Senate President Ty Masterson also suggested a deliberate approach to the issue.
“We need coordination,” Master told the LCC on Sept. 15.
“We need coordination with our federal delegation. We need coordination with our attorney general. We need coordination to make sure we’re not flying off the handle with something that we can’t sustain or has an unintended consequence.”
More than half of the Kansas Legislature has already signed on to a letter to President Biden, saying that the new vaccine mandate for employers contains “many troubling elements” and threatens to “wreck” the economy.
“Mr. President, we demand an immediate end to this federal overreach and the withdrawal of your decisions to push a national vaccine mandate and punish private businesses and health care providers,” the letter states.
“Your COVID-19 action plan is devoid of respect for the U.S. Constitution, the rule of law, and our country’s division of power under the federalist system.”
The House leadership team – Ryckman, House Majority Leader Dan Hawkins and Speaker Pro Tem Blaine Finch – said sent out an email to lawmakers on Monday afternoon explaining its reluctance to call a special session.
“There has been discussion lately about the calling of a special legislative session. This is an important issue that some hope can be used to divide us,” the email said.
“But we know that the strength of our caucus and the reason it continues to grow is because we have worked together. It is our sincere hope that we will continue to do so.”
The letter said no one in House leadership supports the Biden administration vaccine and testing mandates.
“As Republicans we stand against heavy handed mandates and government intrusion,” the email said.
“As the majority caucus we also understand that action must be taken at the right time and in the right way or else we risk being ineffective or worse causing harm to the very people we are here to serve.
“A special session may be needed at some time to carry out a well thought out, constitutionally proper, and legally effective strategy to fight back against them.
“The steps that are being taken right now are designed to determine that strategy and ensure that when we act, we do so in a way that does not waste taxpayer dollars or put Kansans at risk of violating state law or federal law in a no-win dilemma.”
Lee, meanwhile, has already called out Republican House leadership on Facebook.
“I’m so tired of the political games the Republican leadership in the Kansas House of representatives play,” Lee wrote on Facebook.
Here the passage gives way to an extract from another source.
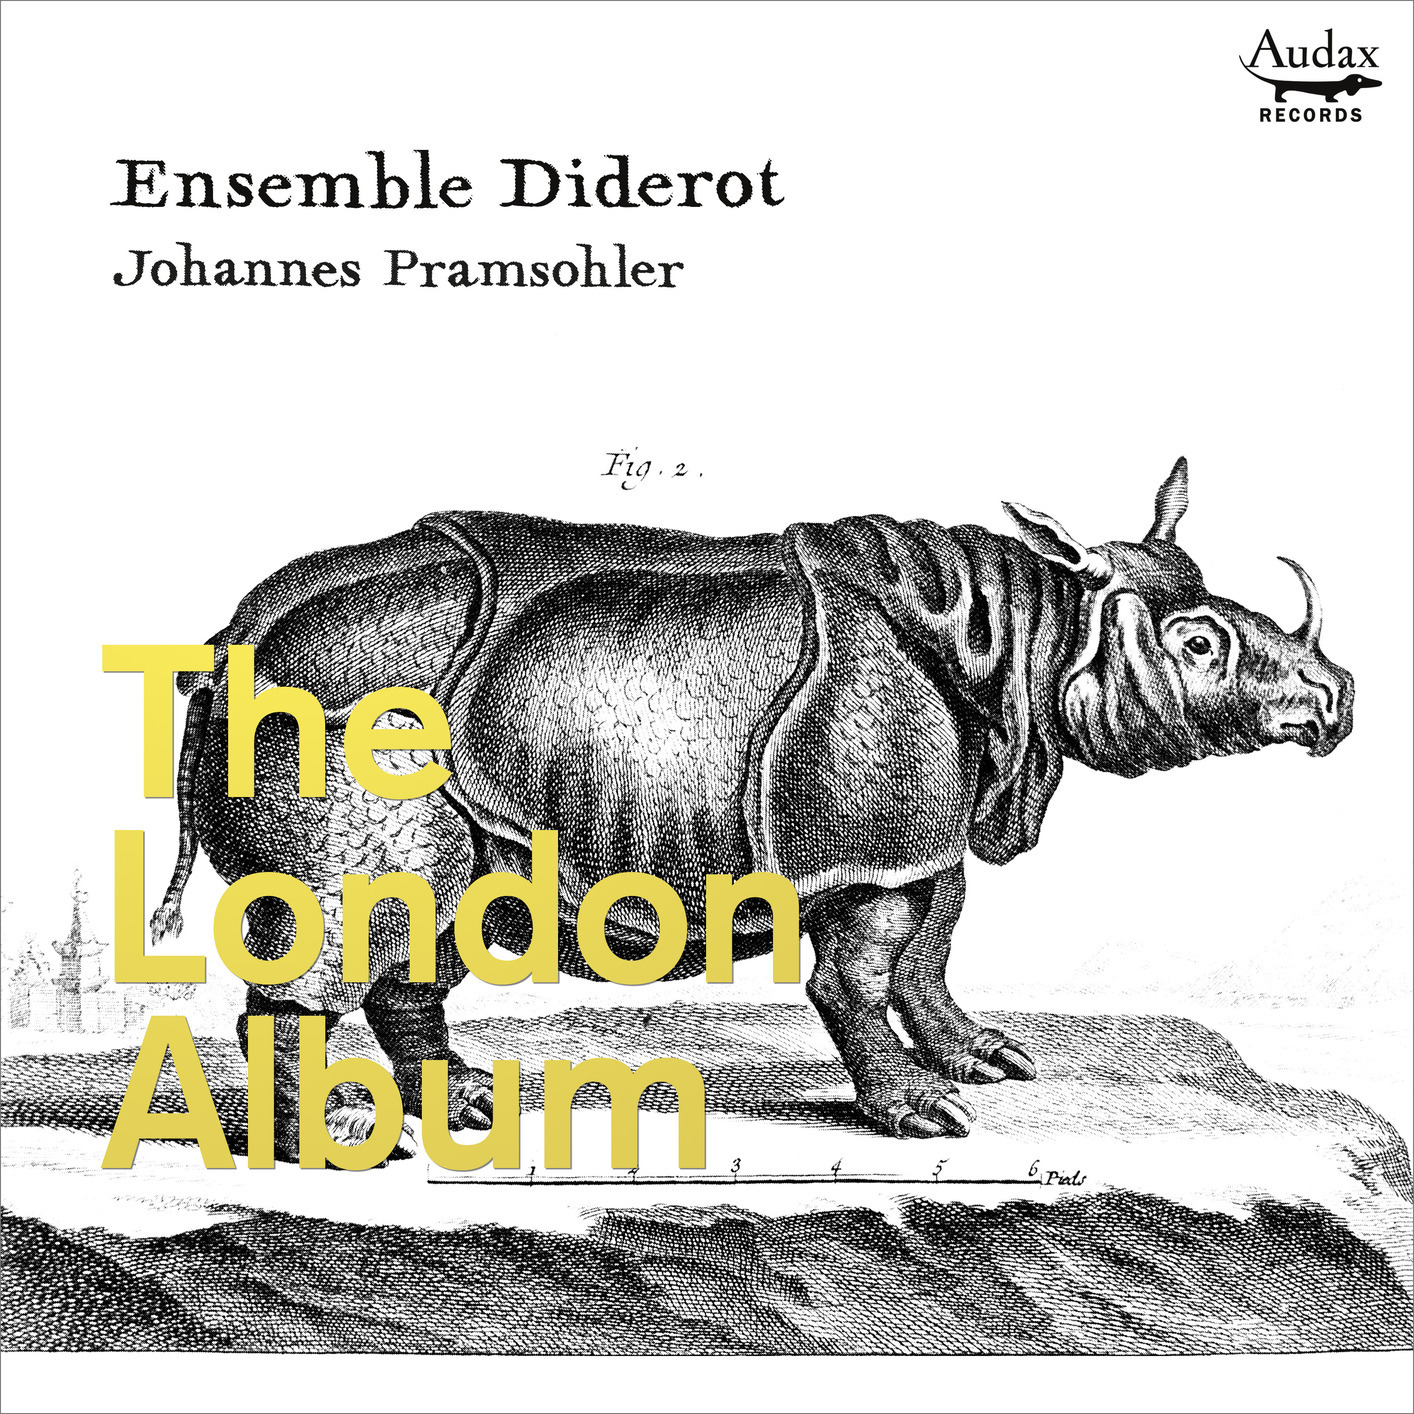 Ensemble Diderot & Johannes Pramsohler - The London Album (2019) [FLAC 24bit/96kHz]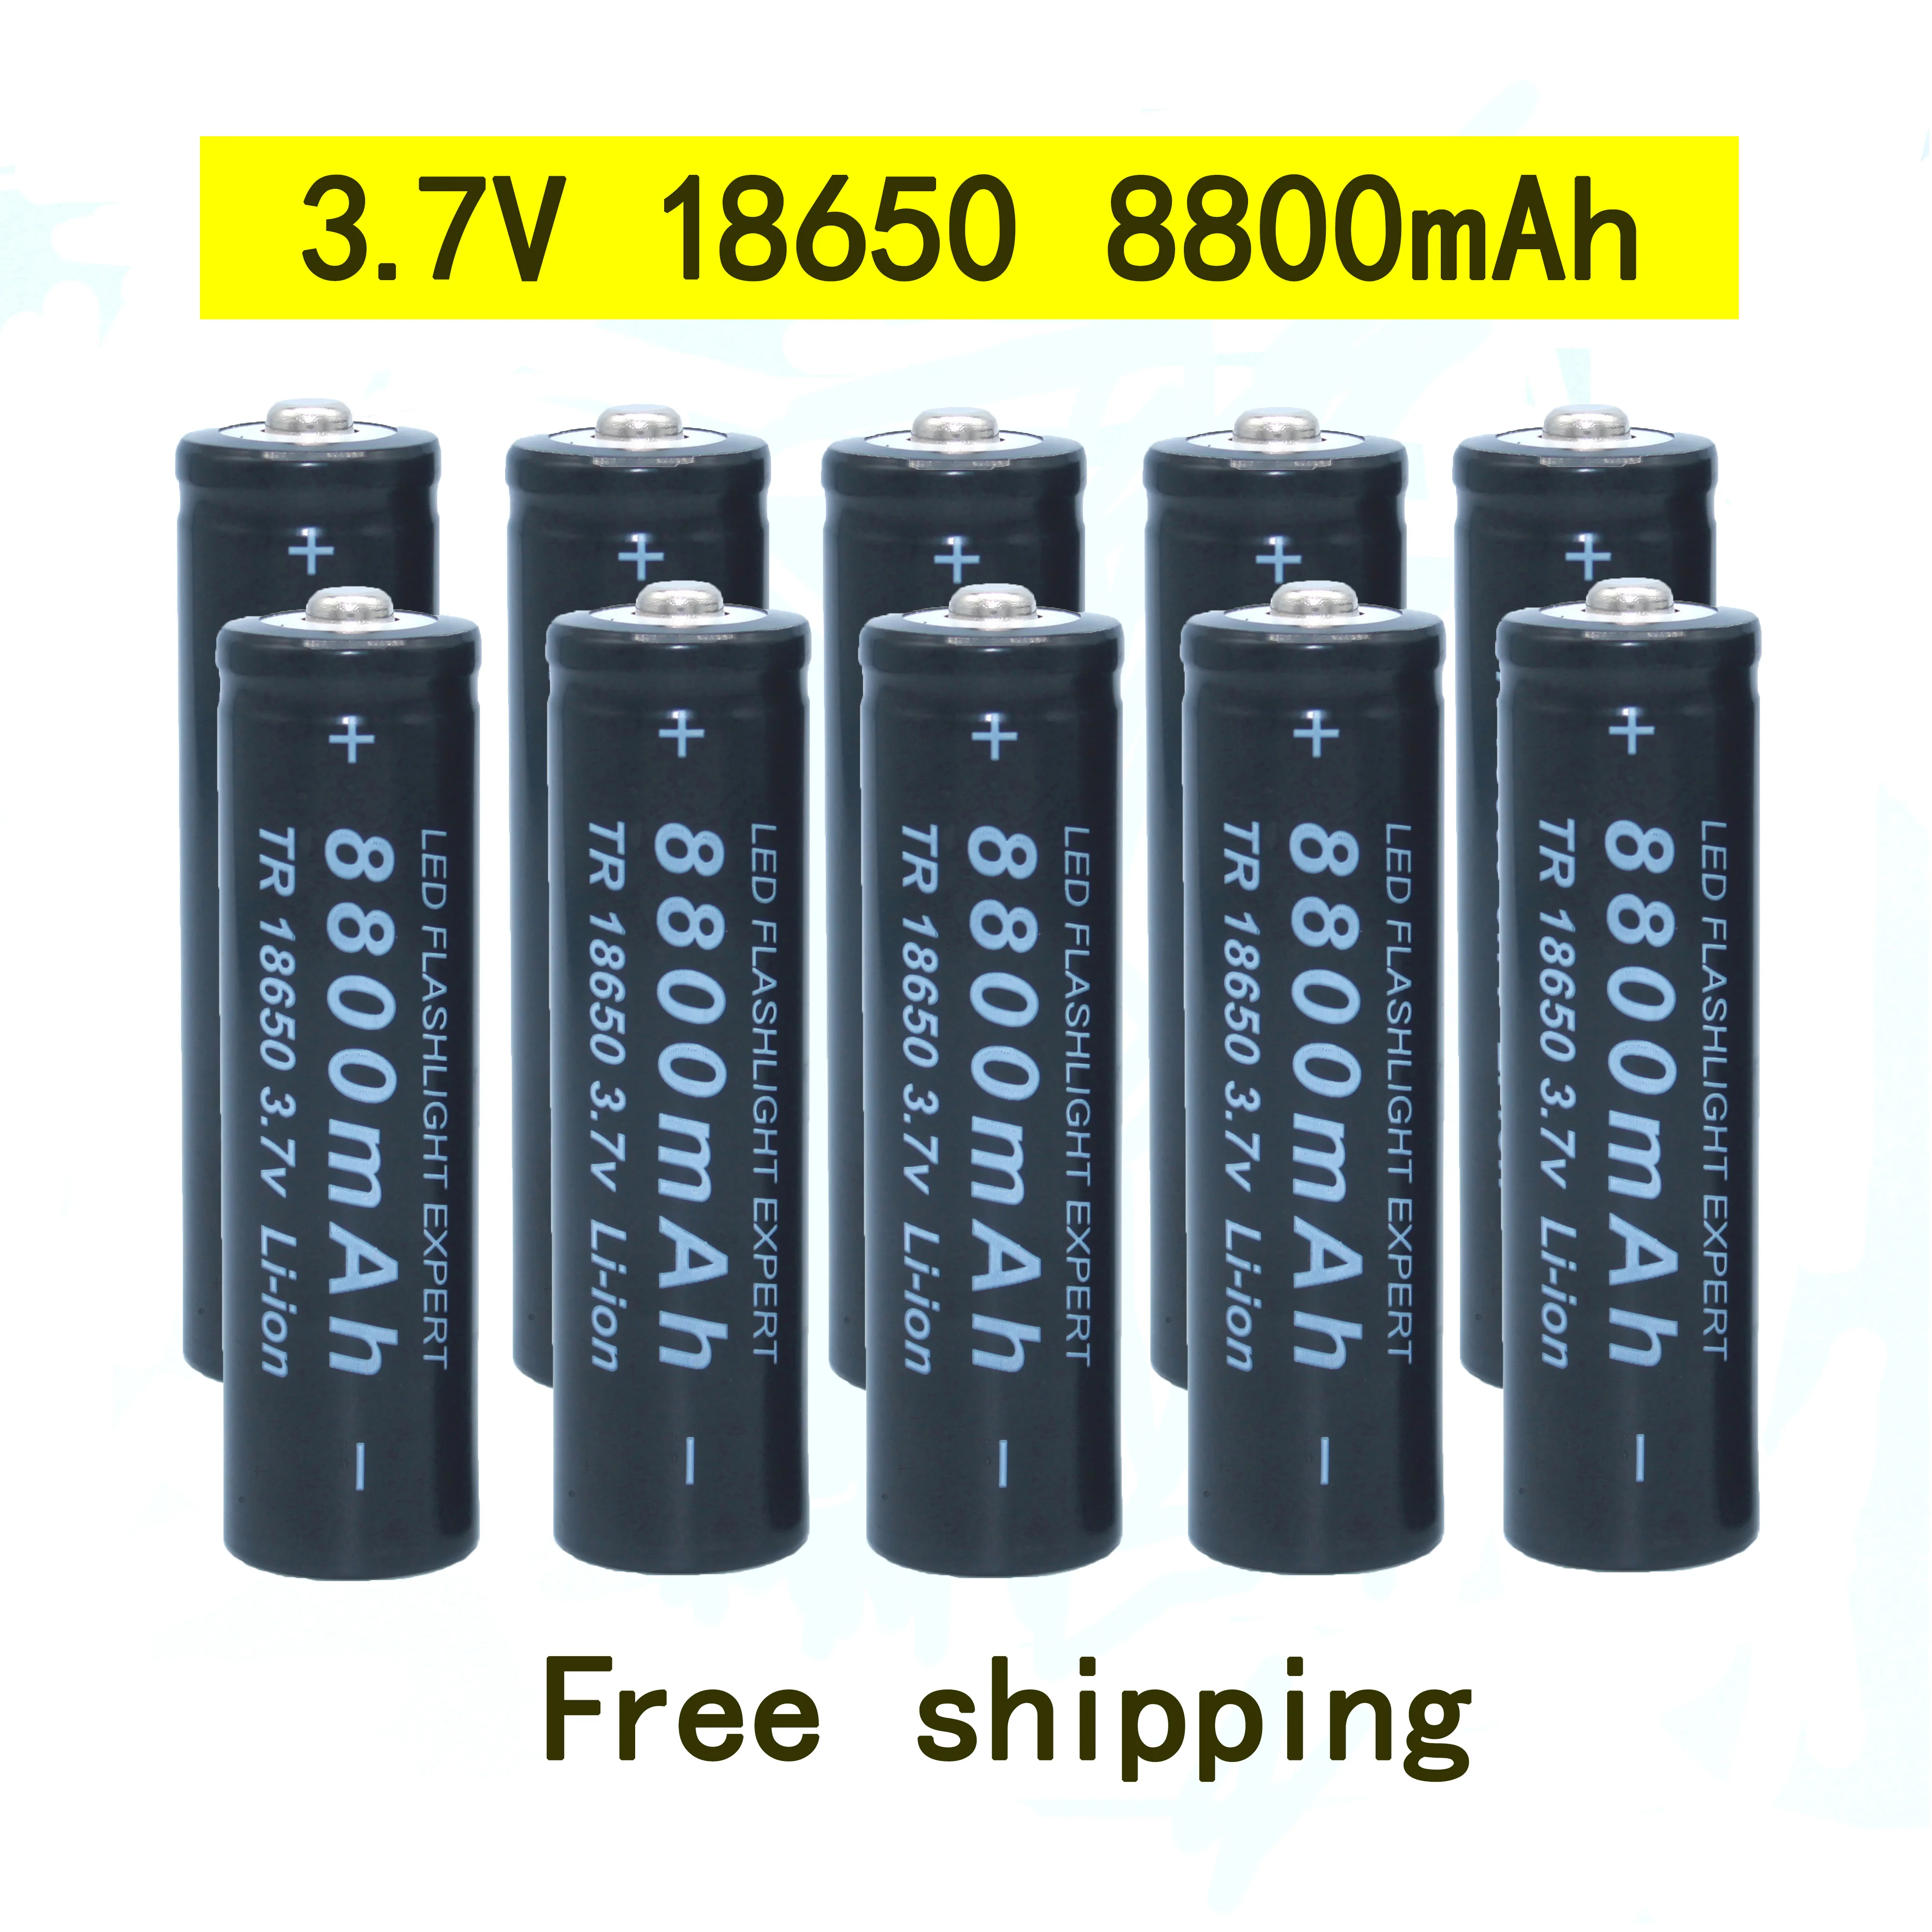 

18650.bateria de alta qualidade.8800 mah.3.7v.18650 baterias li-ion bateria recarregavel para lanterna tocha + frete gratis

“So let’s just make sure everybody knows…again..who’s fighting for them and who’s playing political games,” she wrote.
She then posted a series of text message exchanges with House Majority Leader Hawkins where he asked her to sign onto the letter to the president.
In the text messages, Lee says the Legislature can’t wait until January to convene and must meet to take action immediately.
Hawkins noted that it was difficult enough to get 84 lawmakers to sign a letter to the president let alone calling a special session.
Steffen, a physician, a has been one of the leading opponents of mandatory vaccines in the Legislature.
He sponsored a bill last session barring employers from requiring vaccines and restricting the state health secretary from requiring new vaccines for school kids died on the Senate calendar during the last legislative session.